Уходя, Анна раздумывала над тем, почему имя Павла вызывало одинаковую реакцию у всех мужчин в госпитале: живой блеск в глазах и улыбку. Неужели только из-за того, что он старался вызволить их отсюда, всегда что-то обещал, устраивал? Нет, пожалуй. Тогда почему же? Она спросила об этом у Куки, которая помогала переносить Казика из операционной и знала Павла еще с довоенных времен.
— Павел Толимир? Все очень просто, — ответила та, не задумавшись. — Помнишь шампанское, которым мы поили раненых в день эвакуации, чтобы поднять их дух, чтоб они поверили, будто армия «Лодзь» идет на помощь Варшаве? Толимир сейчас — именно такой глоток шампанского: позволяет надеяться, что не все потеряно, что борьба продолжается. Помогает избавиться от апатии, заставляет встряхнуться, побуждает…
— К чему?
— К жизни, к действию.
— Как бы это не стало для всех нас опасным — мы уже и так немало хлебнули.
— Не ной. Сейчас не время задумываться и рассуждать.
— А какое, интересно, сейчас время? — упиралась Анна.
— Какое? Время смерти. И страха. Немцы рассчитывают именно таким образом нас доконать. Ты сама говорила, что офицеры СД обещали уничтожить всех поляков.
— Ты тоже позволишь Павлу себя завербовать? Надеюсь, ты понимаешь, что рано или поздно немцы все равно узнают, кто ты.
Кука рассмеялась и пригладила свои непокорные волосы.
— Представь себе, я даже позволю Павлу себя «похитить».
— Не понимаю.
— Не понимаешь? Ты, чей родственник, переправленный через «зеленую границу», приземлился сегодня на территории Уяздова?
— Значит… переброска из Варшавы?
Кука нахмурилась, но кивнула головой.
— Когда мой муж сражался в Польше, я оставалась здесь. Но сейчас он во Франции, где формируются новые польские дивизии. Я хочу быть с теми, кто сражается. Здесь наши раненые уже поправляются, а там, в полевых госпиталях, пригодится каждая пара умелых рук. Разве тебе не хочется быть сейчас в Париже, а не в Варшаве?

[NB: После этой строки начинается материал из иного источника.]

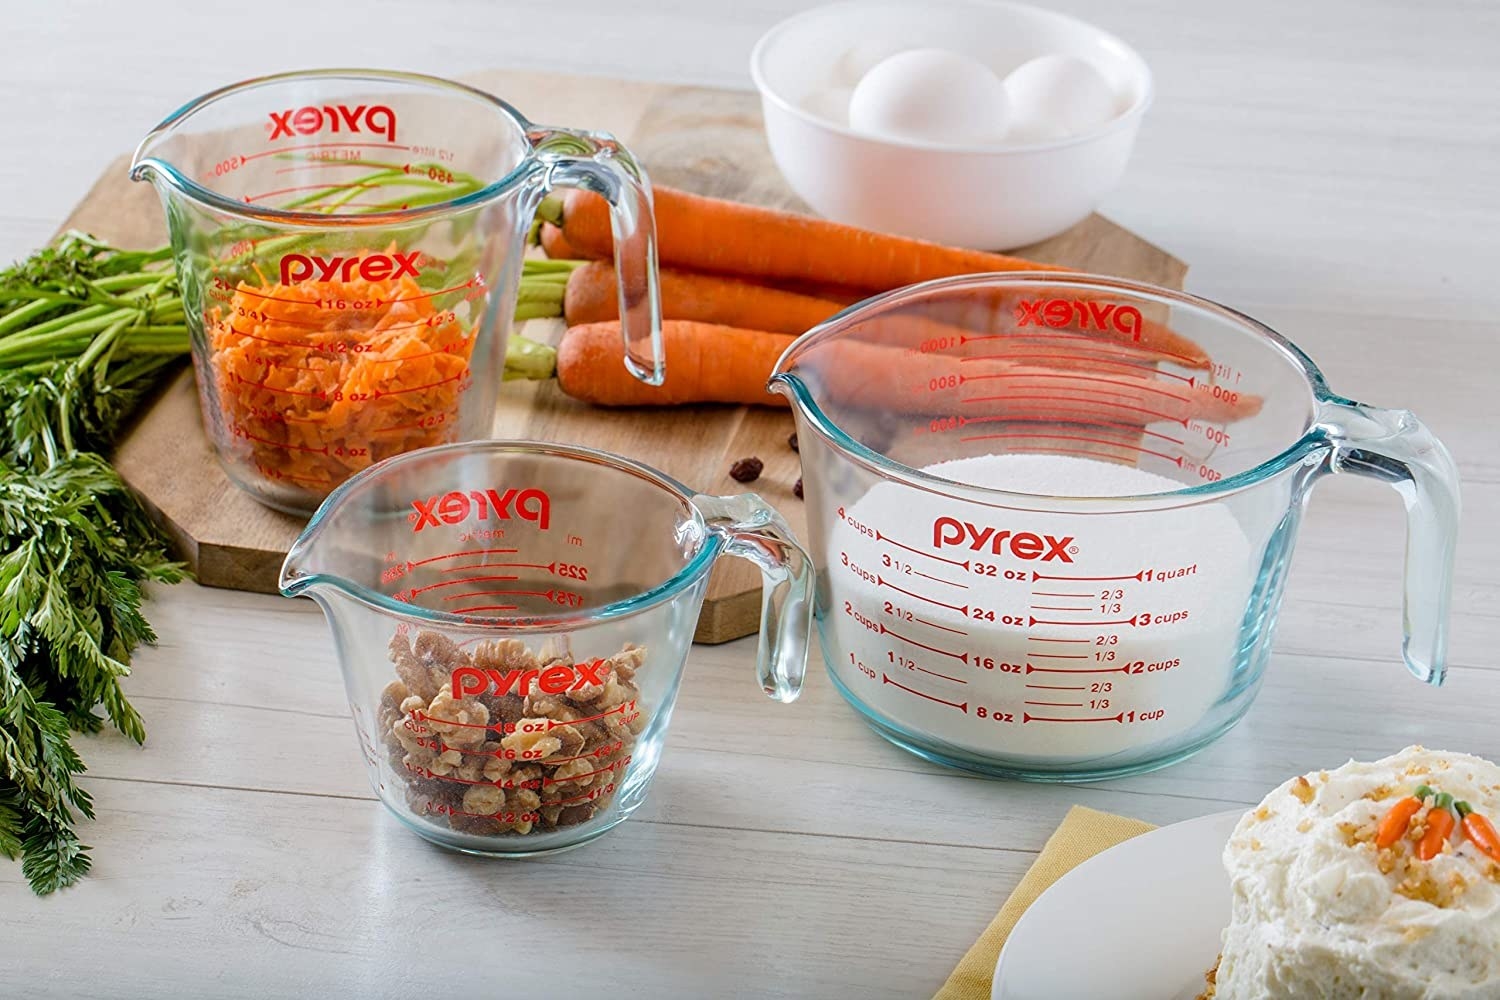 The three measuring cups filled with various ingredients

— Нет, — резко ответила Анна. — Настоящему шампанскому, которое ты, возможно, будешь пить в Париже, я предпочитаю то, что ты влила в меня силой тогда, в первые дни сентября. Поэтому я выбираю Варшаву. И майора Толимира.
— Выбираешь страх, — шепнула Кука, до боли сжимая пальцы Анны, глядя на нее одновременно с сочувствием и интересом. — Жаль, — добавила она, — что я не смогу бояться вместе с тобой здесь.
Всю территорию бывшей Польши, особенно генерал-губернаторство, охватил страх.
Расстрел в Вавре, новый метод палачей — коллективная ответственность, аресты, тюрьма Павяк, застенок в аллее Шуха. Смерть Недзялковского, Ратая и других политических деятелей. Все более глубокие рвы, куда падали изрешеченные пулями тела.
— Что такое — эти облавы? — допытывались раненые.
Анна как раз едва избежала одной из них. Она вышла из библиотеки на Маршалковскую, чтобы купить «Новый варшавский курьер». Мальчишки — продавцы газет бежали стайкой от площади Спасителя, но когда она остановила одного, тот зашипел:
— Газета? Сейчас? Бегите! Облава!
Впервые она увидела людей, внезапно бросающихся бежать, ныряющих в подворотни, в магазины или сворачивающих в переулки. Бежали женщины, волоча за собой детей, бежали девушки, подростки и пожилые мужчины. Это не было шествие устало шаркающих ногами людей, как в сентябре, это было паническое бегство: кто-то кого-то обгонял, кто-то падал, башмаки стучали о плиты тротуара… Безумный бег без оглядки. Когда-то Анна видела большое стадо скота, которое пастухи загоняли на огороженное пастбище. Тогда грузные тела так же падали, сталкивались на бегу, сметая все на своем пути, и так же ритмично гудела под их копытами земля. Сгон скота, предназначенного на убой…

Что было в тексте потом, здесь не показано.